A morte mais doce da qual jamais li.

   Confesso que eu não esperava receber uma resposta para o anúncio que coloquei num site de vendas e encontros. Nunca consegui acreditar totalmente naquele macabro caso em que um canibal procurava uma vítima voluntária nas camadas mais profundas da deep web e de fato alguém o respondeu oferecendo-se para ser sua refeição, mas havia em mim um fascínio por essa coragem de deixar-se matar, ainda mais quando se pensa recorrentemente em suicídio. O fato é que imaginei que deveria existir alguém em algum lugar com o instinto, a coragem e o gosto por tirar vidas, algum serial killer que gostaria de dar seu pontapé inicial em seu morticínio, era exatamente esse alguém a quem eu buscava em meu anúncio. Sempre temi as consequências que aguardam aos transgressores suicidas no pós-vida, então pensei que se ao invés de eu tirar minha própria vida, outrem o fizesse estaria livre das sequelas espirituais. E no mais seria uma boníssima ação unir o útil ao agradável, para dar de matar a quem o desejasse e morrer para livrar-me deste inferno que chamam de vida. 

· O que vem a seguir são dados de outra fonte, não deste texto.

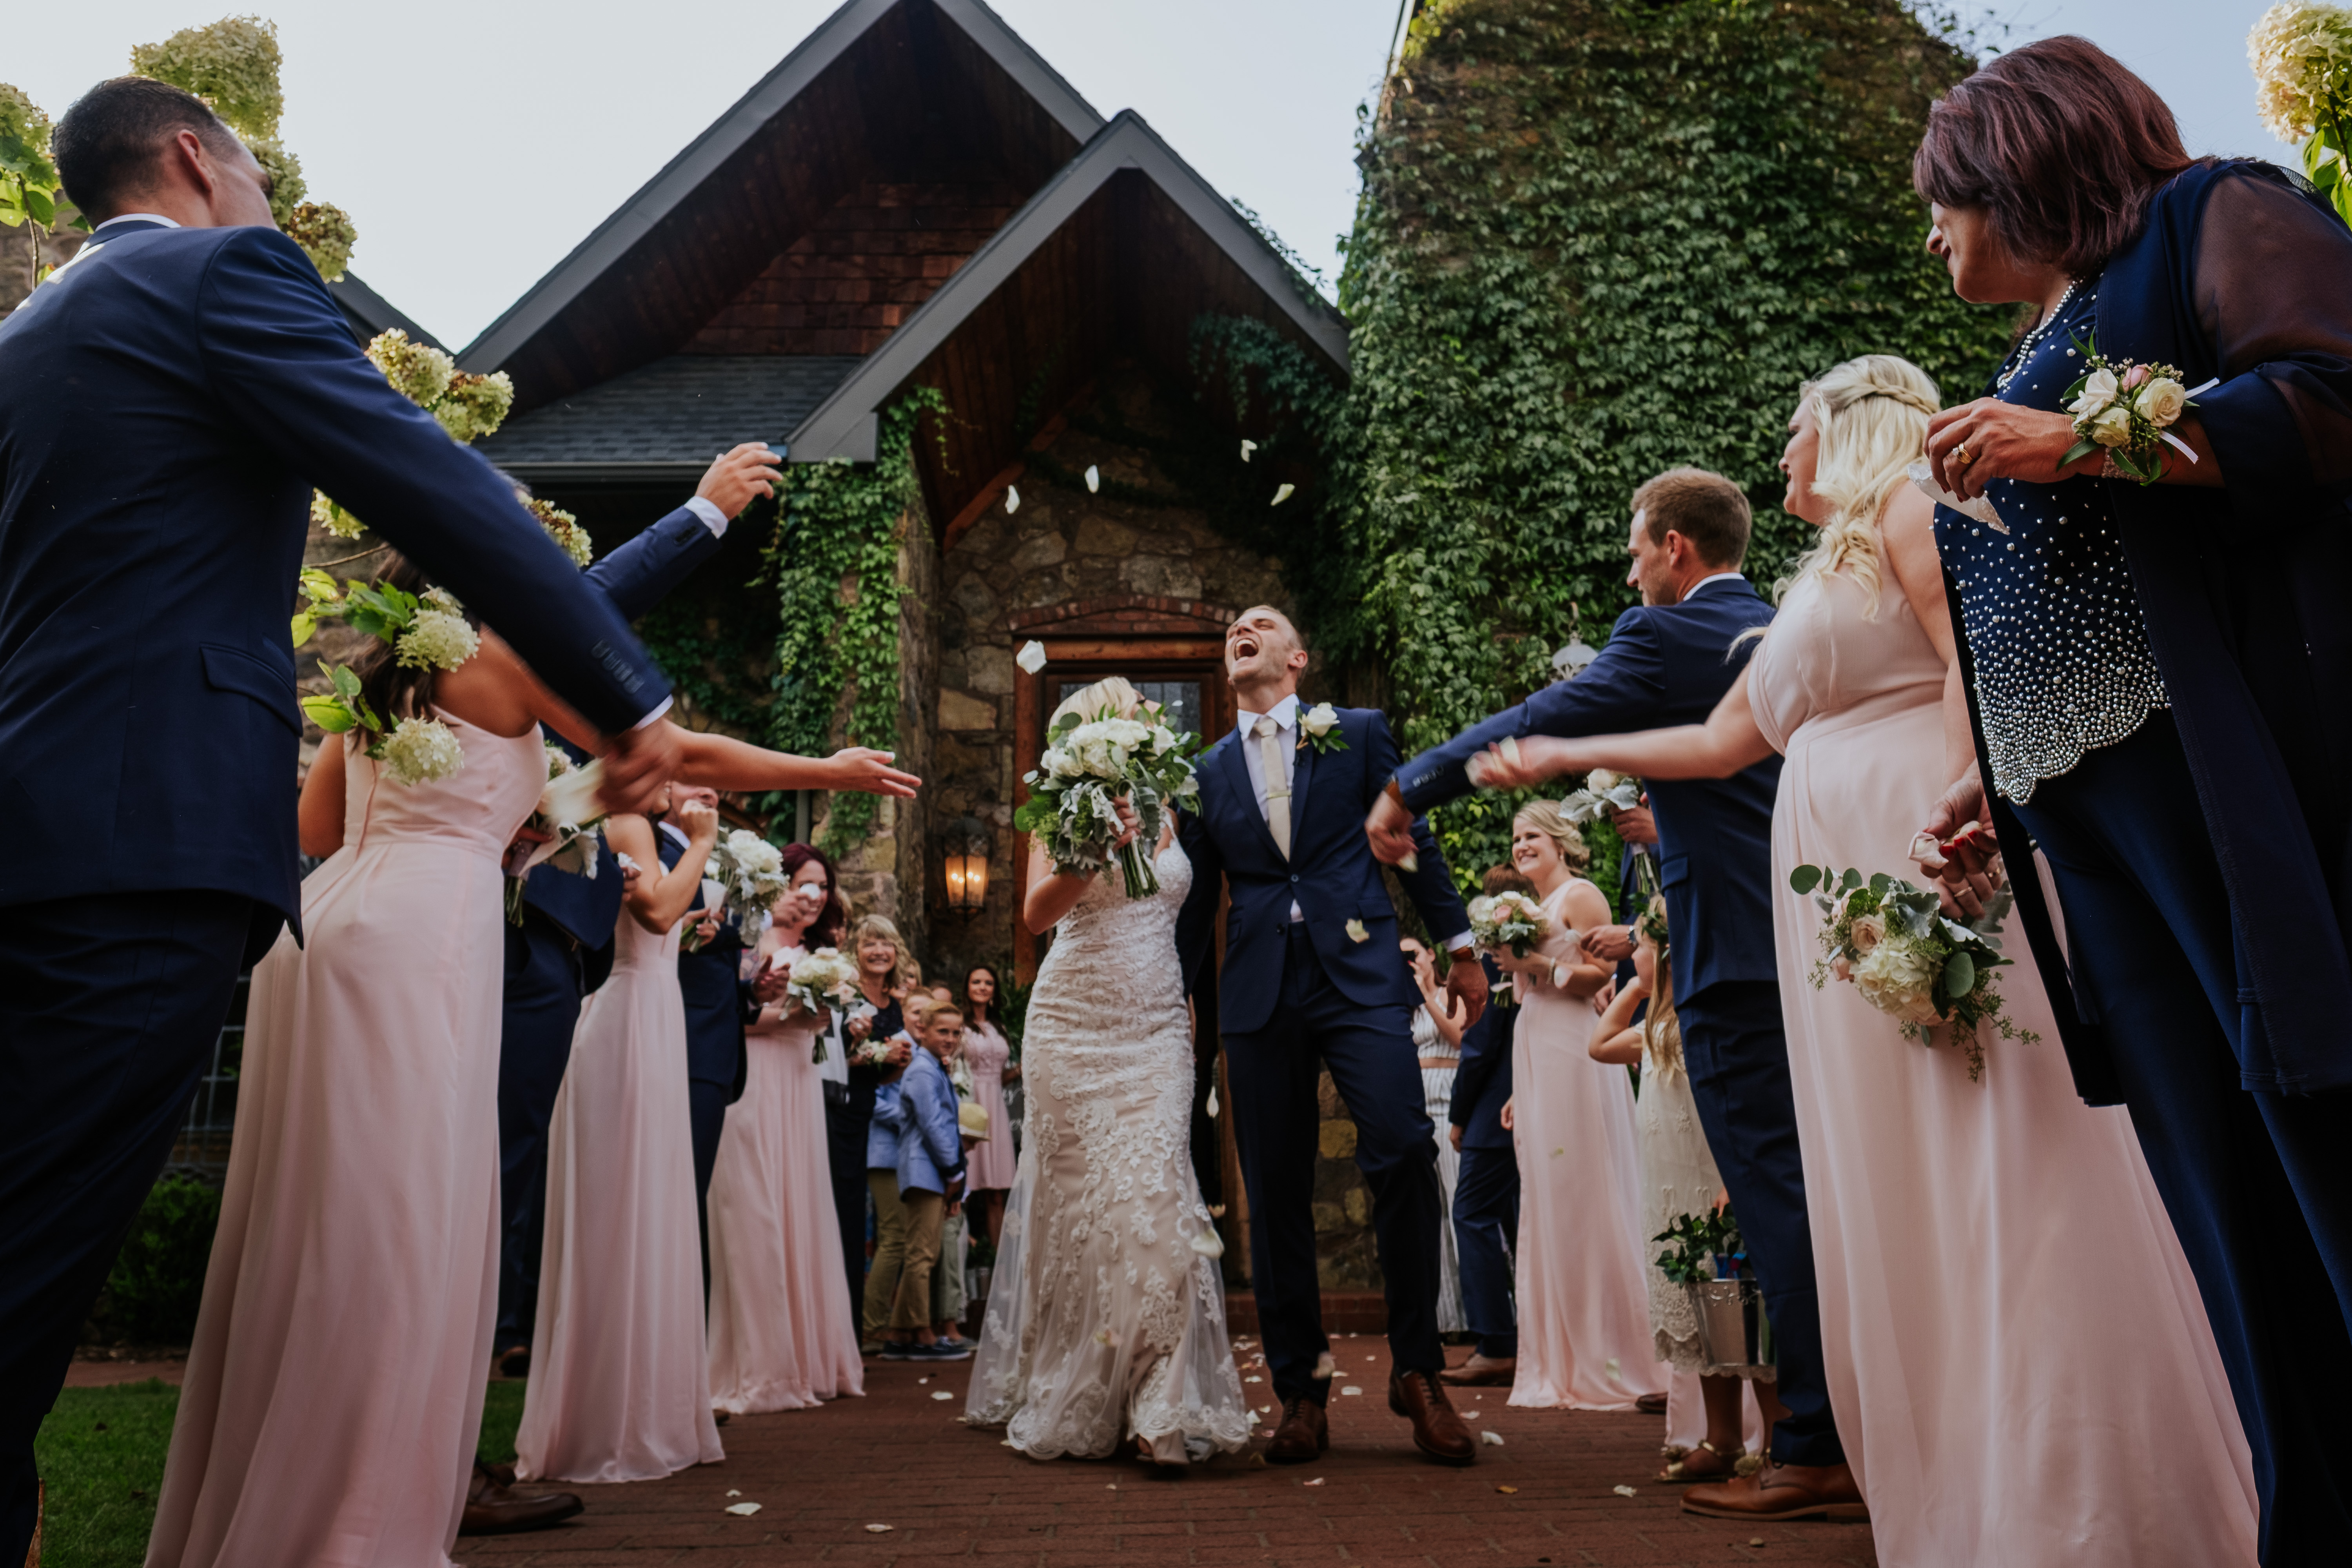 Wedding-planning-tips-tricks-timeline-guide-ceremony-exit-vinson-images

A intenção depositada no anúncio não fora explícita, afinal, qual plataforma permitiria uma barbaridade daquelas? Nenhuma! E ademais eu queria ser morto por um profissional, eu não queria que o seu ato ao satisfazer meu desejo o prejudicasse depois, logo, teria de ser alguém de percepção sagaz e de grande sutileza para decifrar ao verdadeiro motivo por detrás de uma postagem de encontro homossexual. 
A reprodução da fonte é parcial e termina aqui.